A crate is hanging from a cable as shown in the diagram. A monkey that is inside the crate, sits on a ledge that is 1.225m above the bottom of the crate. The monkey steps off the ledge and when he hits the bottom of the ledge, it takes .125 s to stop.

The tension in the cable is 147 N when the monkey is sitting on the ledge and 49.0N while he is falling.

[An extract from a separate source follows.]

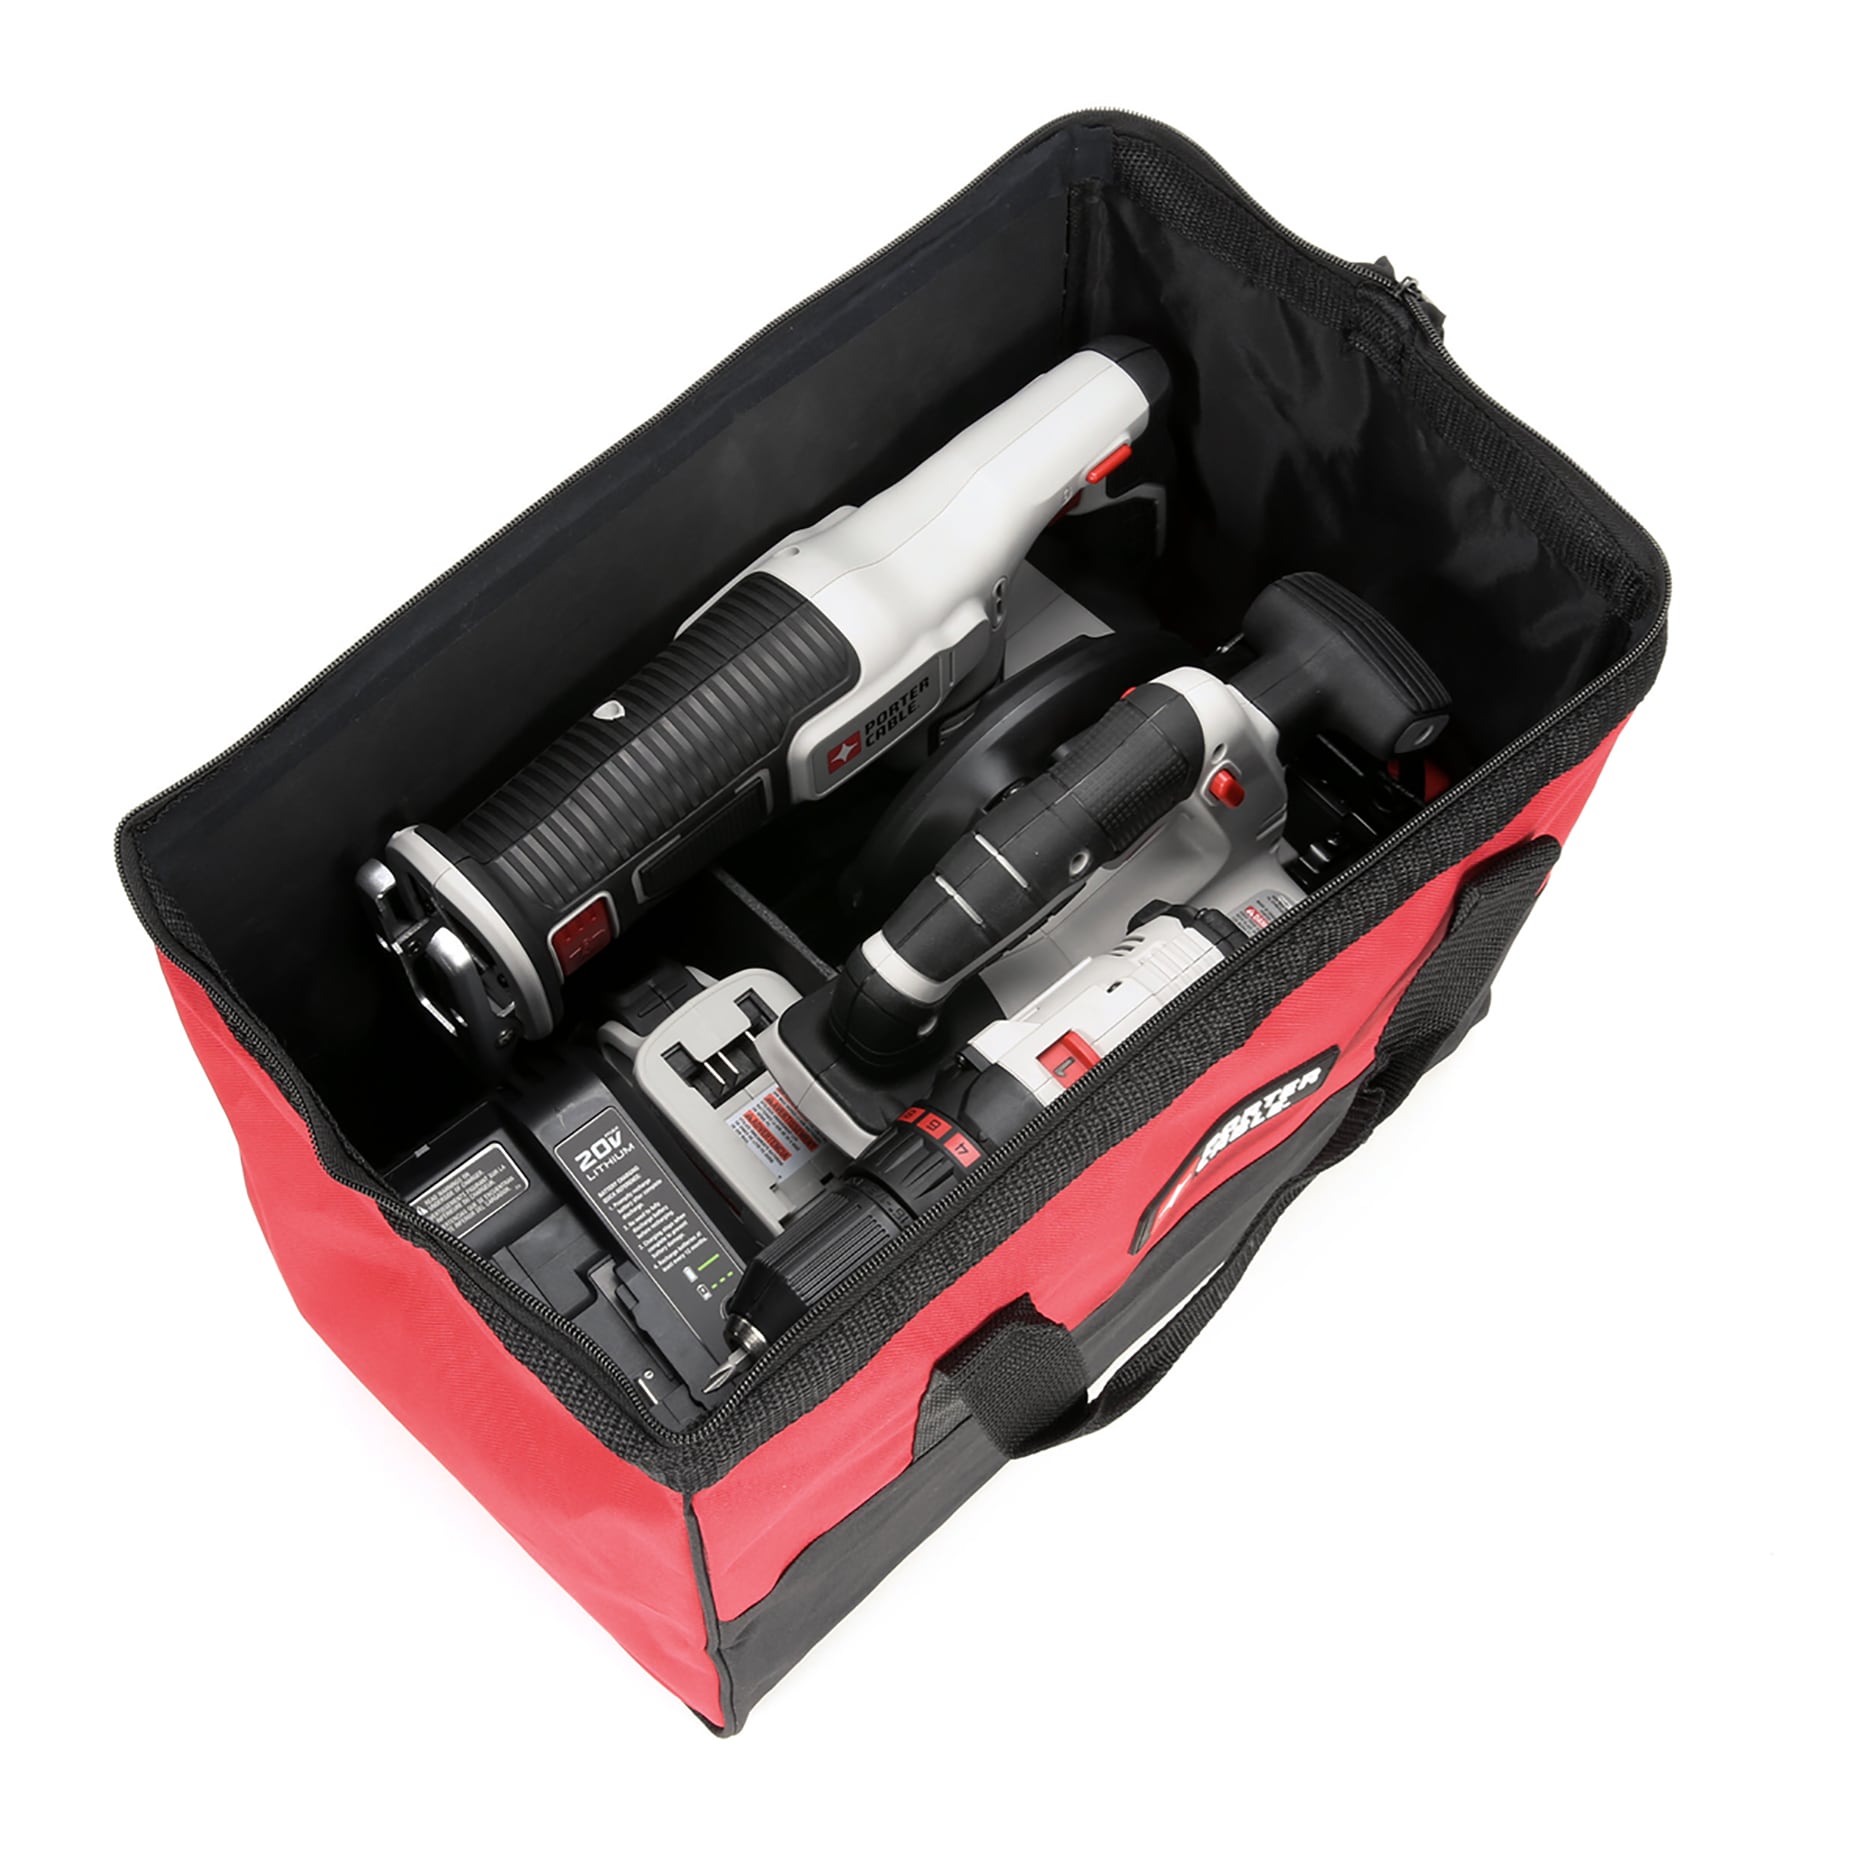 PORTER-CABLE Cordless Drill Combo Kit Power Tool, 4-Tool (PCCK616L4)

Calculate the tension in the c able during the .125 s that he is stopping at the bottom of the crate.
[URL]http://img130.imageshack.us/i/52884921.jpg/[/URL]

Homework Equations



Not exactly sure- it's in a booklet for my comprehensive final exam. It seems like it's mostly applications of:
slope = rise/run
Area = 1/2base x height
and F = ma

The Attempt at a Solution



Basically what I've done is this:
Tension in the string = force of gravity

Tension = mg
147N = m(9.8N/kg)
M = 15 kg total

Tension = mg
49.0 = m(9.8N/kg)
m = 5kg

So the monkey's mass is 10 kg.

When the monkey jumps off, he Accelerates at 9.8m/s^2 for 1.225meters

d=1/2vt
2.45m/v = t

A = (v2-v1)/(t2-t1)
A =(V^2)/(2.45m)
24.01 = v^2
V = 4.9m/s

D = 1/2vt
2.45m = (4.9m/s)t
t = 0.5s

I think I'm going in the right direction, but I don't know where to go from here.
 
Last edited by a moderator:

Answers and Replies

  • #2
15
0
Now if I try using momentum..../
F(delta_t) = m (delta_v)
= (10kg)(4.9m/s)
Impulse = 49 kgm/s

49kgm/s = F (0.125s)
F = 392 N

Fnet = fg + fa
Fnet = 49N + 392N
Fnet = 441N

So, is that what the tension would be?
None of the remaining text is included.